A particle of mass $m$ capable of moving along the $x$-axis, is acted upon by a force $F(x) = -\frac{k}{x^3}$. At the initial time moment $t=0$, the particle is at the point $x=x_0>0$, and its velocity is $\dot{x}(0)=0$. In what time $\tau$ will the particle reach the point $x=0$?
My attempt:
We basically have to solve this second order nonlinear ODE $$\frac{d^{2}x}{dt^{2}}=-\frac{k}{mx^{3}}.$$
Using substitution $v=\frac{dx}{dt}$, we get $\frac{dv}{dt}=-\frac{k}{mx^3}$, using chain rule to rewrite $\frac{dv}{dt}=v\frac{dv}{dx}$, then separate ant integrate
$$\frac{1}{2}v^2 = \frac{k}{2mx^2} + A \implies v = \sqrt{\frac{k}{mx^2} + A}.$$
The result I got is $v = \sqrt{\frac{k}{mx^2} + A}$, where $A$ is a constant of integration. After plugging in the initial conditions we find the value of $A=-\frac{k}{2mx_0^2}$.

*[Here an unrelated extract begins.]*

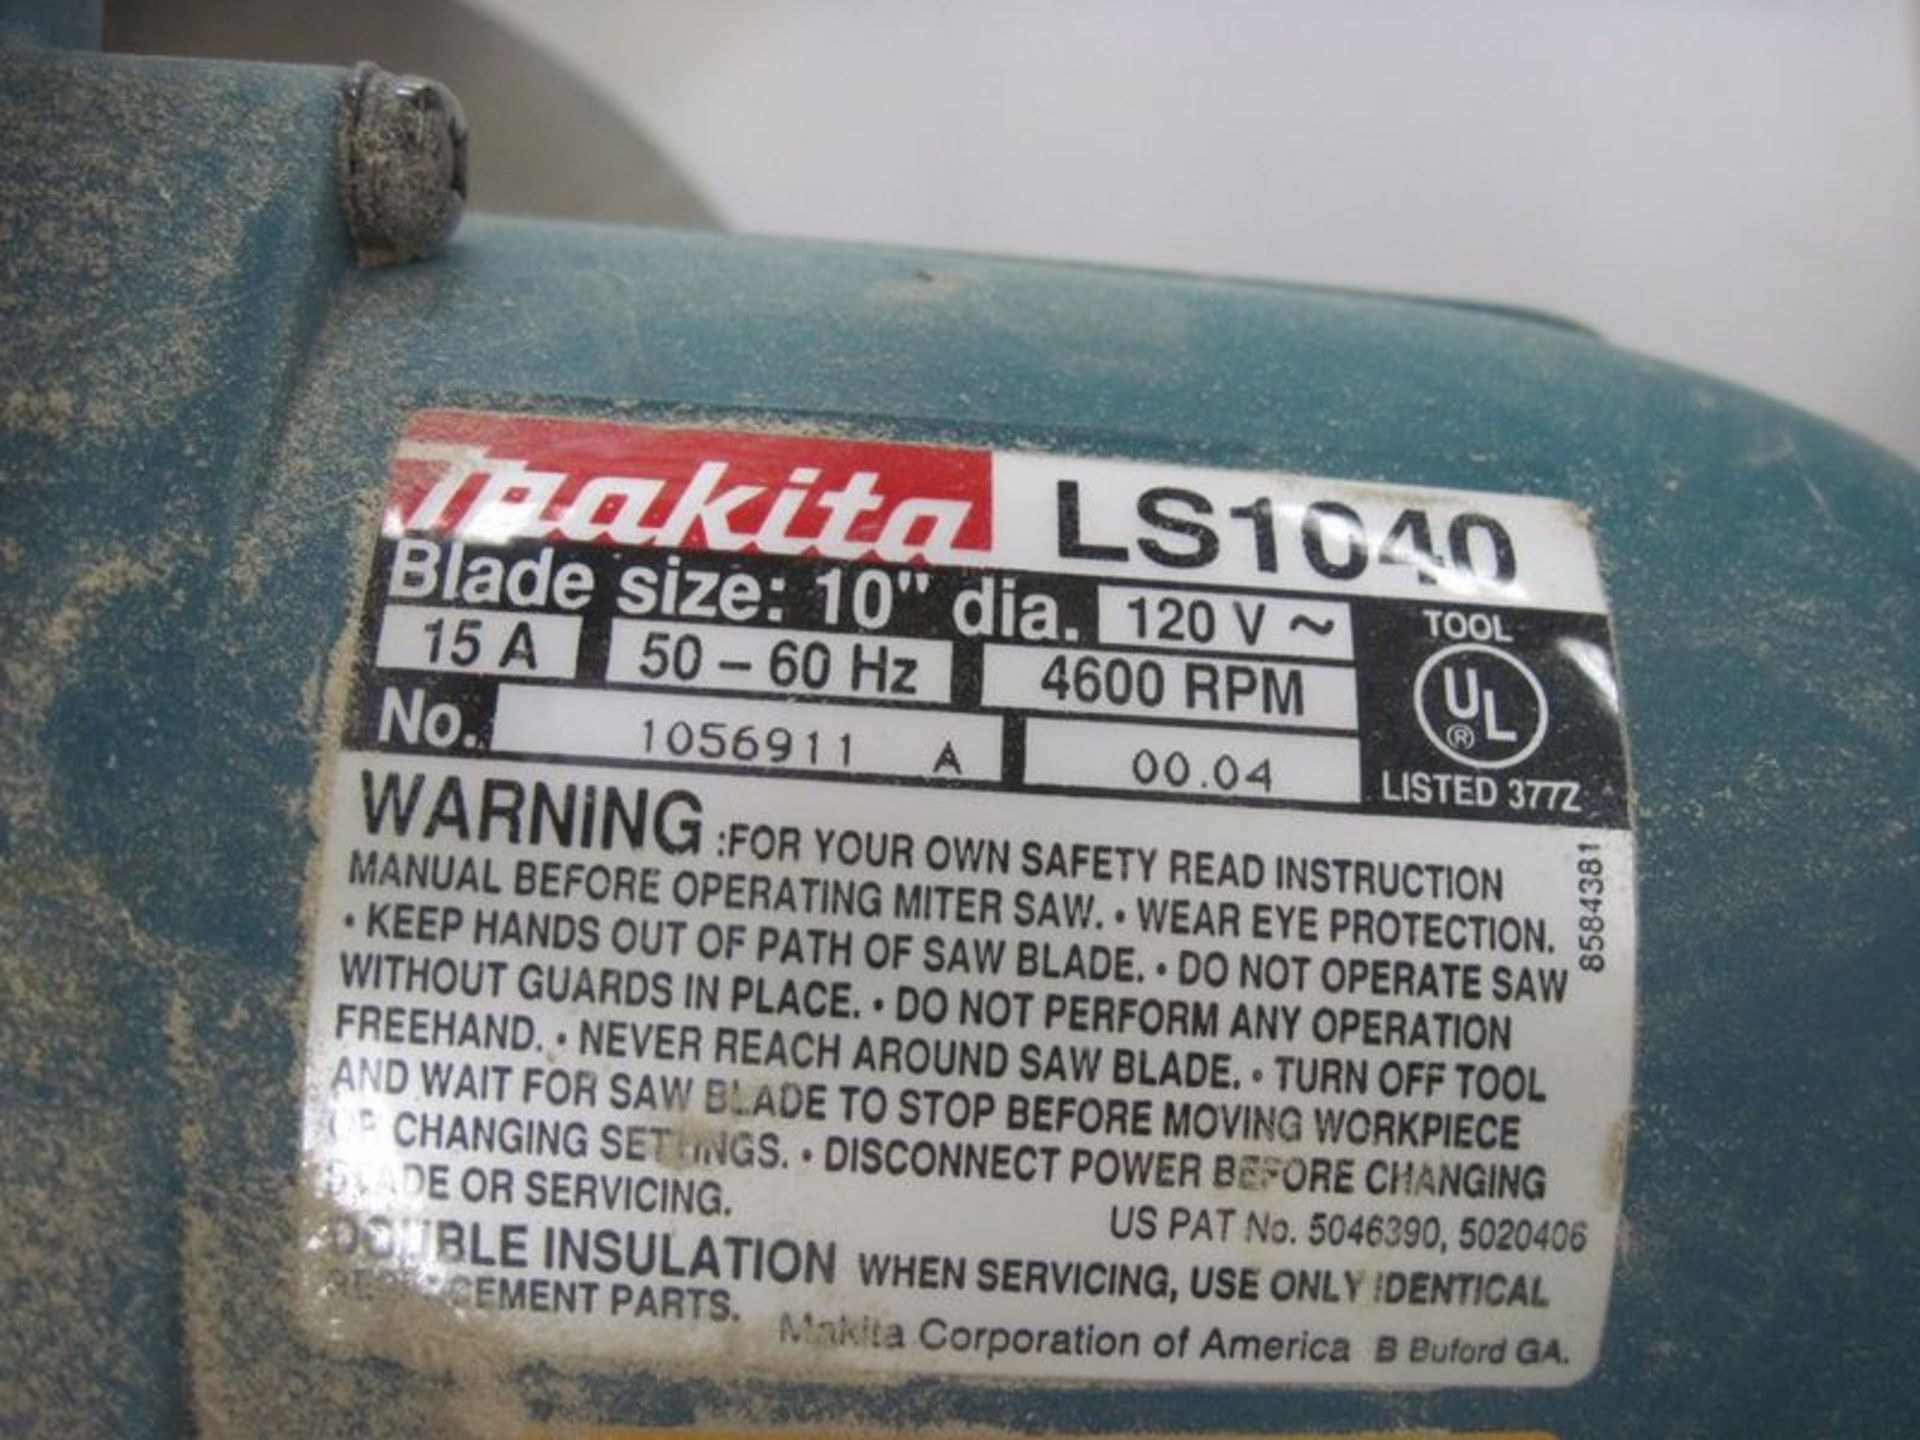 Makita 10" compound miter saw, M/N LS1040 - Image 2 of 2

Next, applying the initial conditions and keeping in mind that velocity is negative due to given conditions, $$$$\begin{aligned}
&\int_0^\tau dt=-\int_{x_0}^0\frac{dx}{\sqrt{\frac k{mx^2}-\frac k{mx_0^2}}} \\
&\tau=-\int_{x_0}^0\frac{dx}{\sqrt{\frac k{mx^2}-\frac k{mx_0^2}}}
\end{aligned}
Are there any ways to simplify it further? I suppose we can make use of some integrals with similar form like $\int \frac{dx}{\sqrt{a^2-x^2}}=\arcsin(\frac{x}{a})$
Best Answer
The time taken is given by: $$ \tau = -\int_{x_0}^0\frac{dx}{\sqrt{\frac{k}{mx^2}-\frac{k}{mx_0^2}}} \\ \implies \tau = -\sqrt{\frac{m}{k}}x_0\int_{x_0}^0\frac{xdx}{\sqrt{x_0^2-x^2}}. \\ $$ We have that: $$ \frac{d}{dx}(\sqrt{a^2-x^2})=-\frac{x}{\sqrt{a^2-x^2}}. $$ Can you do the rest?